Superconvergence of projection integrators for conservative system

主讲人：王雨顺

摘要：Projection method is applicable in many fields. It is a natural and practical approach to construct invariant-preserving schemes for conservative systems by projecting the solution of any underlying numerical scheme onto the manifold determined by the invariant, and this process will be referred as projection integrator. A general result for this projection integrator is that it can achieve the same order accuracy as the underlying method. In this paper, we propose a new projection integrator with superconvergence and further discover that the superconvergence is attributed to the projection direction. This paper also summarizes arbitrarily high-order projection integrators with superconvergence and rigorously proves truncation error by utilizing the linear integral methods as a central tool. Meanwhile, symmetry is significant geometric property in the geometric integration for reversible differential equation, so we also establish arbitrarily high-order symmetric projection integrators with superconvergence and provide the corresponding proof. A thorough comparison with the standard projection integrator is carried out.

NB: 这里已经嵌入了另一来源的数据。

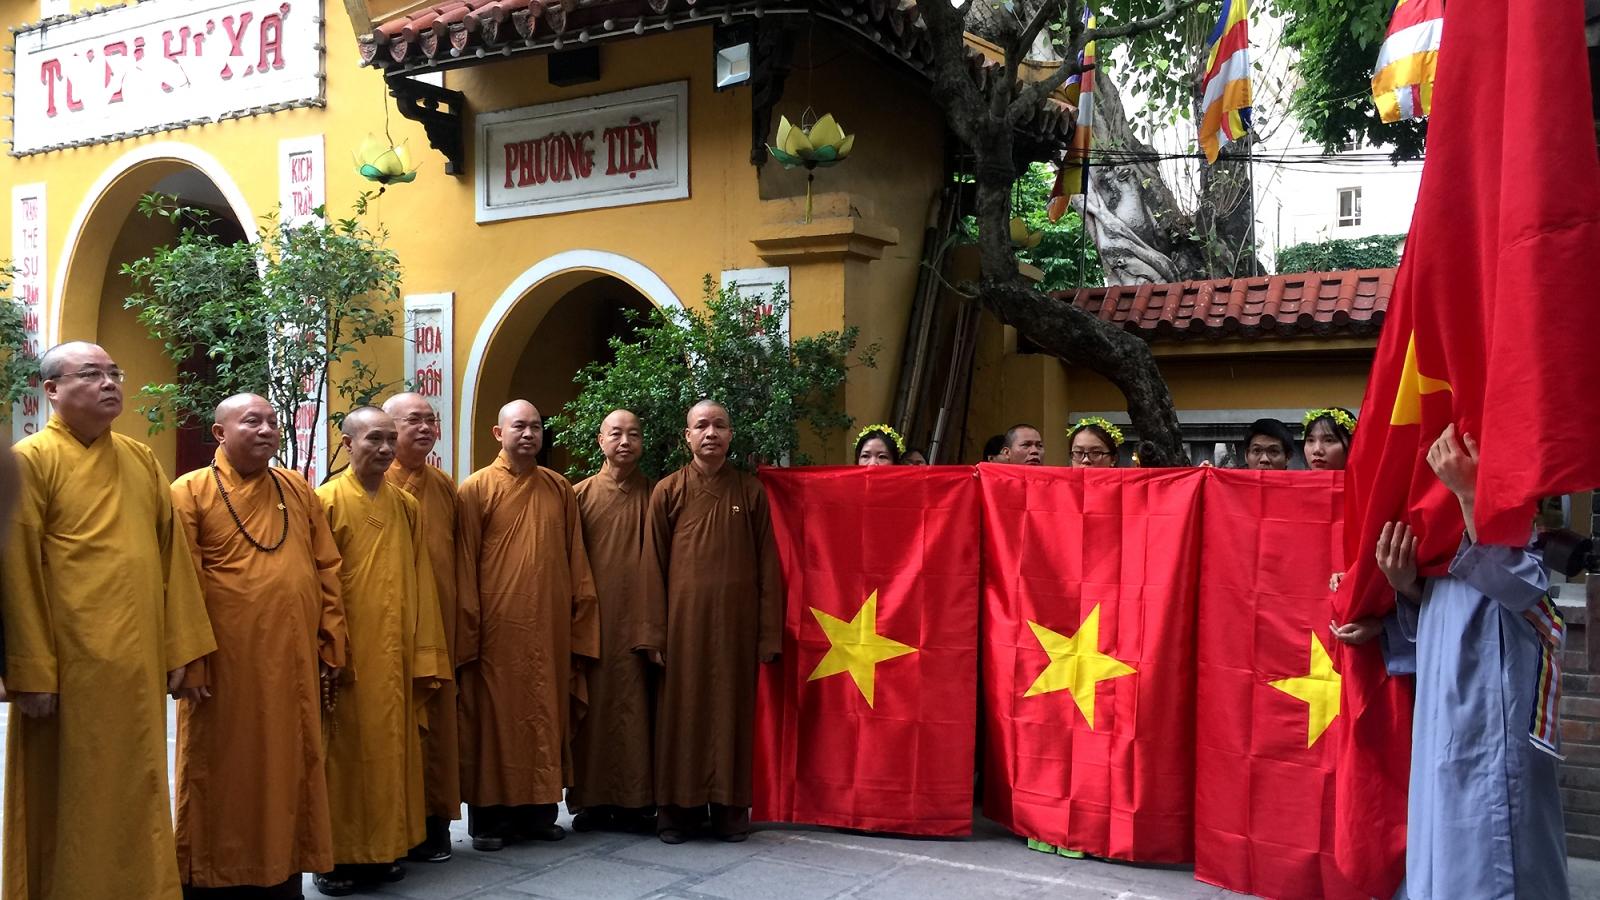 Trao tặng cờ Tổ quốc tới Giáo hội Phật giáo Việt Nam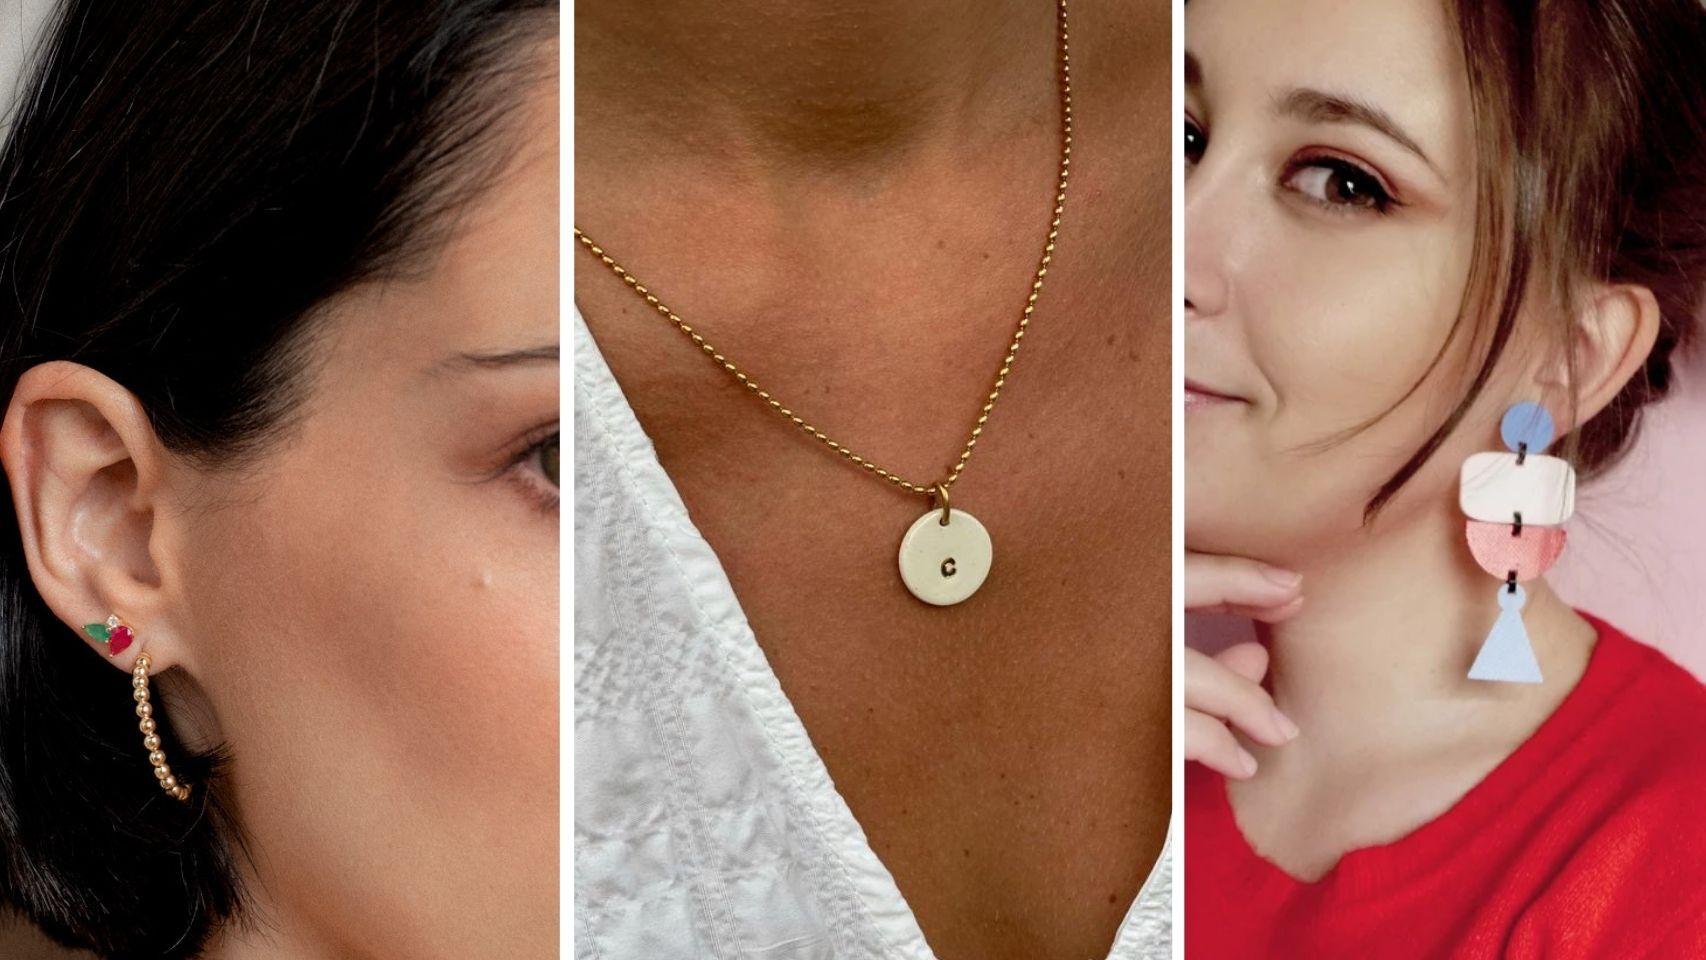 Descubre estas firmas de joyas 'made in Spain' con diseños originales, vistosos y únicos.

主讲人简介：王雨顺，南京师范大学教授、博导。长期从事保结构算法及其应用研究，已经主持7项国家基金委项目，同时作为主要成员参加科技部“863”课题、“973”项目、“863”计划、基金委重点项目，入选江苏省“333”工程、江苏省青蓝工程学术带头人、江苏省“六大人才高峰”高层次人才；江苏省创新团队主持人；获得江苏省科学技术奖，江苏省数学成就奖。专著《偏微分方程保结构算法》获得中国政府图书奖。现任期刊International Journal of Computer Mathematics、《计算数学》编委，江苏省计算数学分会秘书长。

邀请人：李东方

时间：2022年6月23日（星期四）15:00-17:00

地点：腾讯会议室     ID:261627510